= Bob Shaheen =

Robert A. Shaheen (born 1933) is a retired American businessman of Syrian descent who worked in Saudi Arabia starting in the early 1960s. Born in Canton, Ohio, Shaheen was employed as a high-ranking officer in operations owned by Adnan Khashoggi, a Saudi Arabian businessman involved in the international arms trade, representing Lockheed, Northrup, and Raytheon—United States defense systems contractors.

==Early life==
Shaheen was the youngest of nine brothers and sisters. His parents immigrated to the United States during the Great Depression. When he was three years old, his father died, leaving his mother, who could not speak, read, or write English, to care for the family of nine children. For his part, he began selling newspapers at a corner movie theater at the age of six. He earned a degree in political science from Mount Union College in 1955. After serving in the US Army as a classification and assignment specialist, he began graduate studies at Georgetown University. Shaheen is known as a polyglot. While at Georgetown, he was recruited by the United States government in 1960 to move to Saudi Arabia. After serving in that capacity for two years, and during that period, he met Khashoggi.

==Career==

In 1962, he began working as a high-ranking official to Adnan Khashoggi, a Saudi Arabian businessman. Shaheen spent the next 25 years with Khashoggi, establishing close personal relationships with the Saudi royal family and other Middle Eastern leaders and businessmen. Shaheen was president of Khashoggi's Triad Corporation. Khashoggi was commissioned by the late King Saud to help organize the Ministry of Defense protect their oil fields. In that capacity he brought in Lockheed, Northrup, Raytheon and General Electric and others as defense contractors.[4] Khashoggi and Shaheen opened the door for American, Asian, and European companies to enter business relationships in Saudi Arabia and the Middle East. Khashoggi and Shaheen negotiated "some of the most lucrative, and highly publicized deals of the 1970s and 1980s."
Shaheen, who acted as Khashoggi's gatekeeper, was described as "charming" and a "brilliant organizer and people-mover". Shaheen was known for wearing a three-piece business suit regardless of the climate or location.
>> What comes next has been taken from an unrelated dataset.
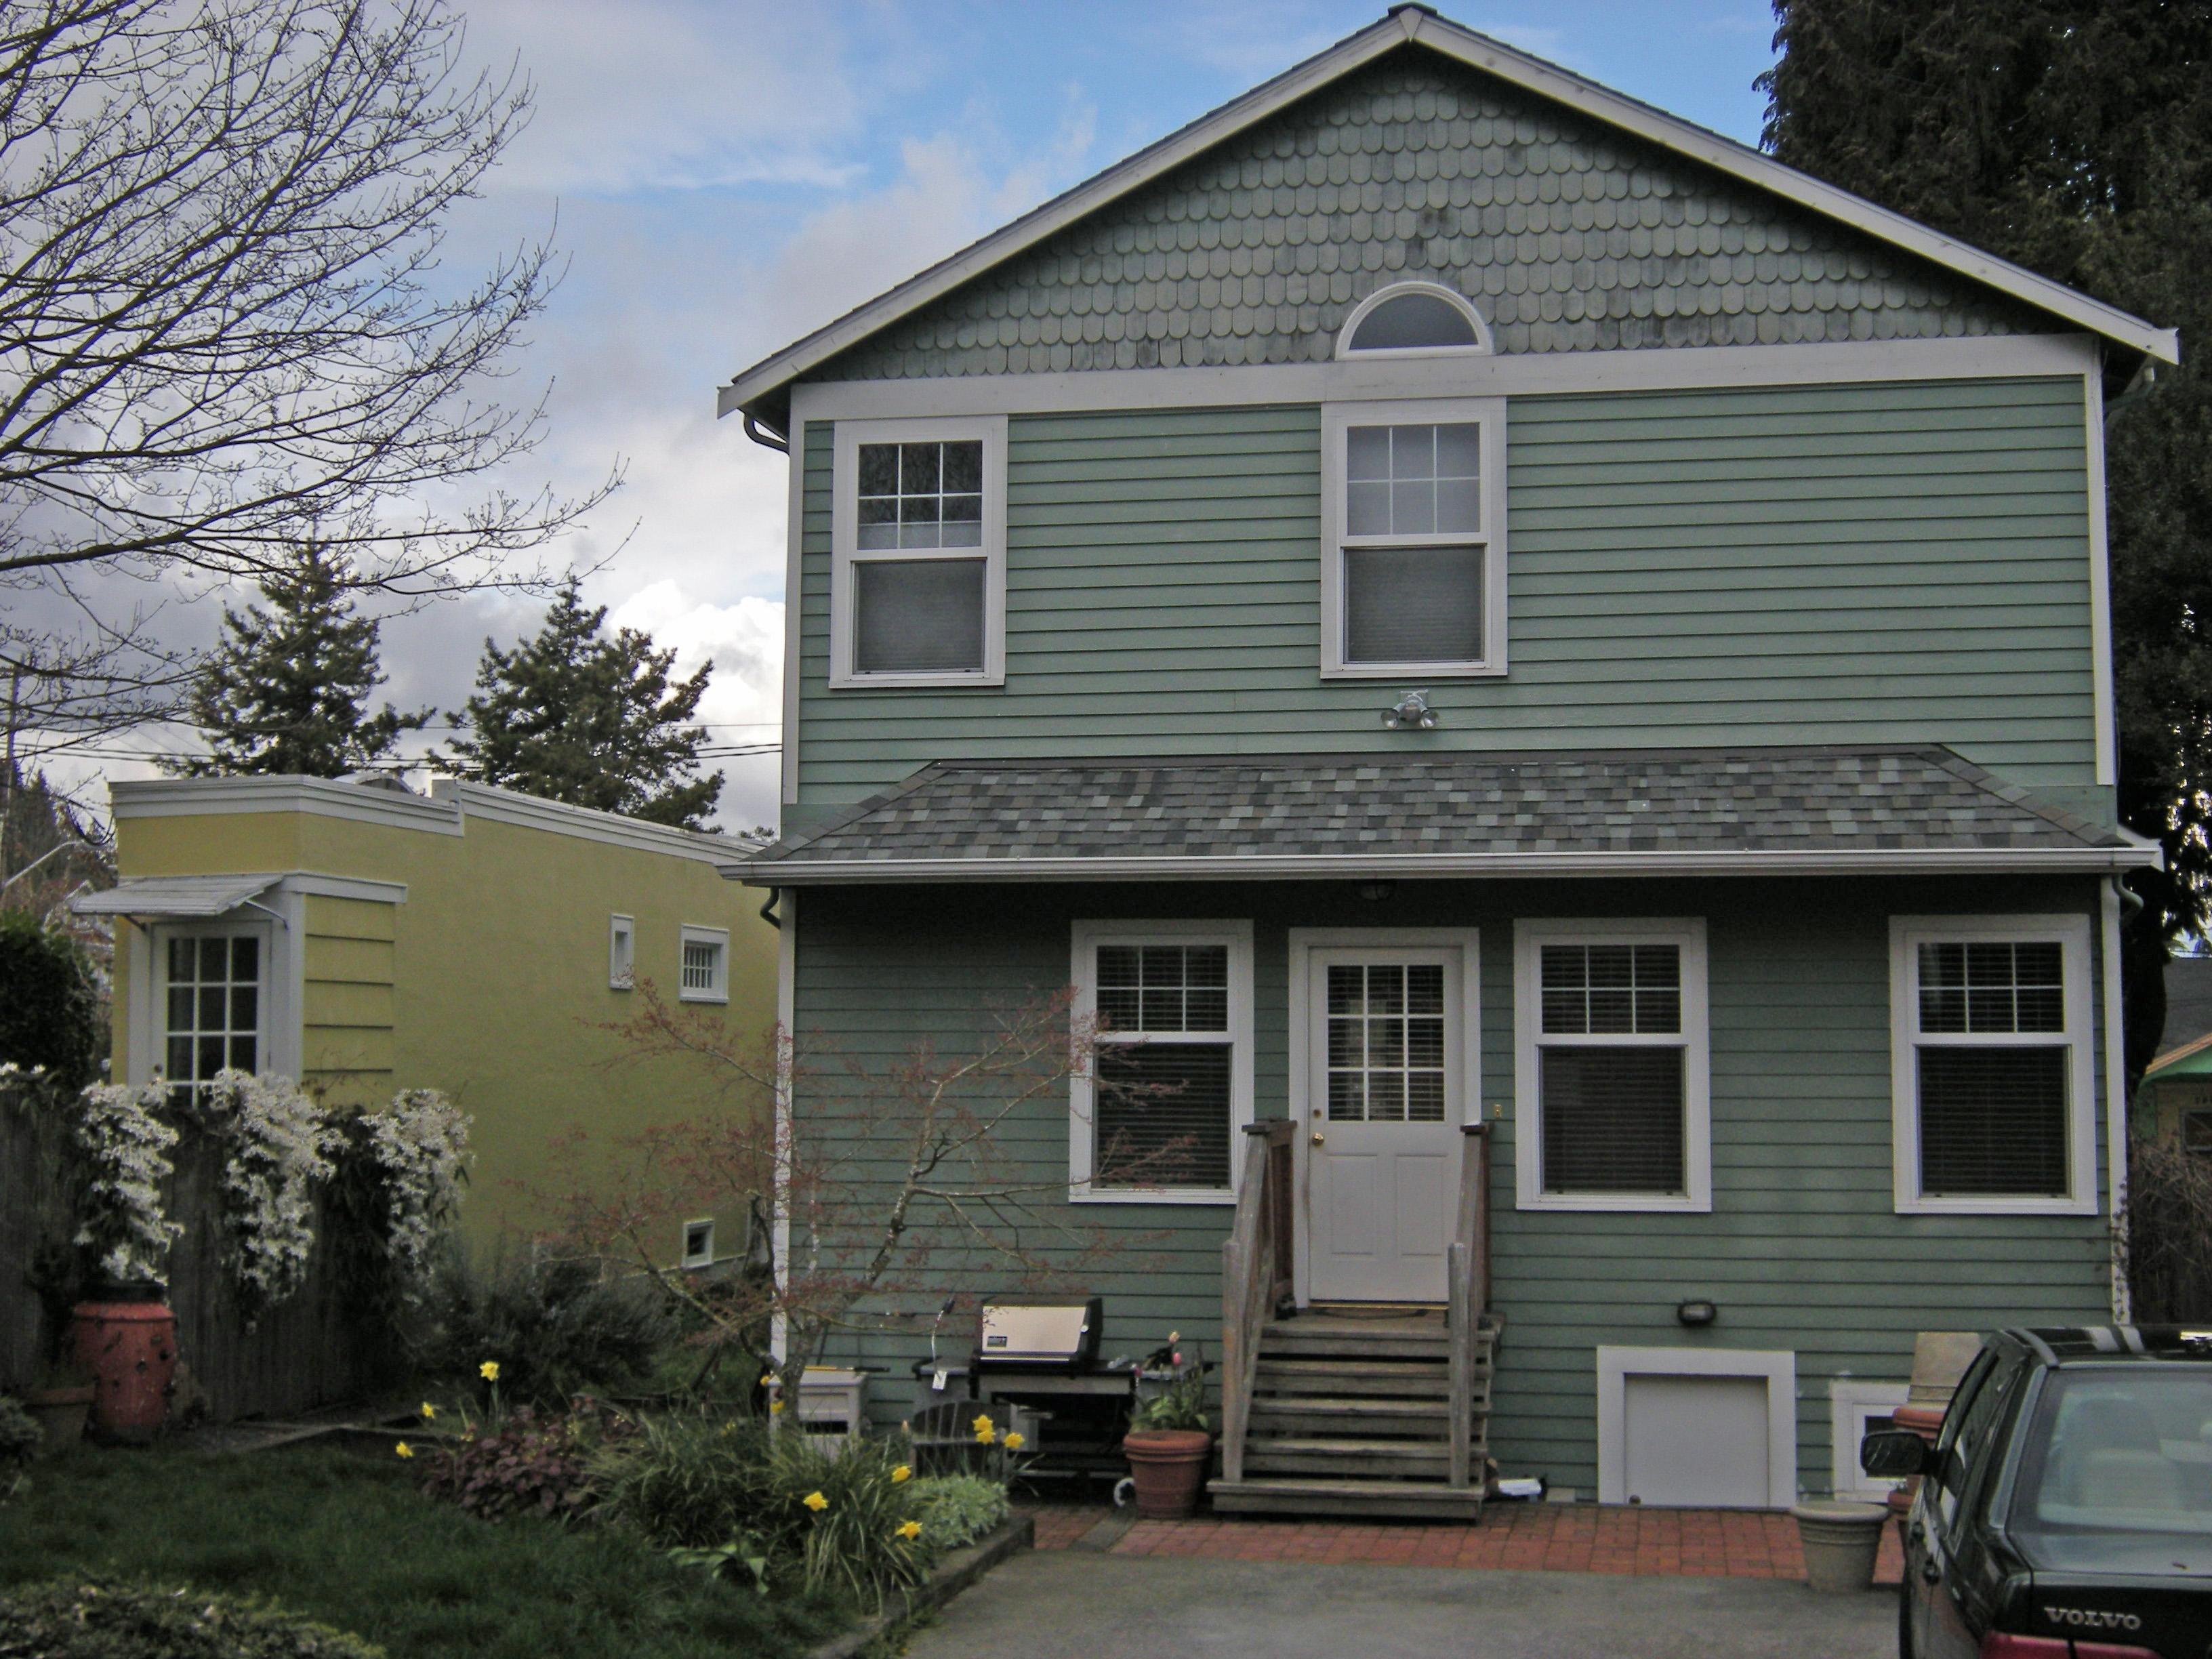 Duplex Homes For Sale In Gardena Ca

He has been featured with Khashoggi in many books, as well as a four-part TV series, and several television programs: Sixty Minutes, The Weekend Report, Good Morning America, and Lifestyles of the Rich and Famous. Books include: The Kingdom by Robert Lacey; Saudi Arabia Today by Peter Hobday; The Game Player by Miles Copeland; Money Rush by Andrew Duncan; Is My Armour on Straight by Richard Berendzen; The Deadly Payoff by Michel Clerc;The Marshall Plan by Jack Sheehan; The Pirate (book and TV series) by Harold Robbins; Vanity Fair, Serving the Superwealthy by Jamie Johnson.

==Family life==
Shaheen lives in Boca Raton, Florida, with his wife Patricia Shaheen. He is the father of four daughters and one son.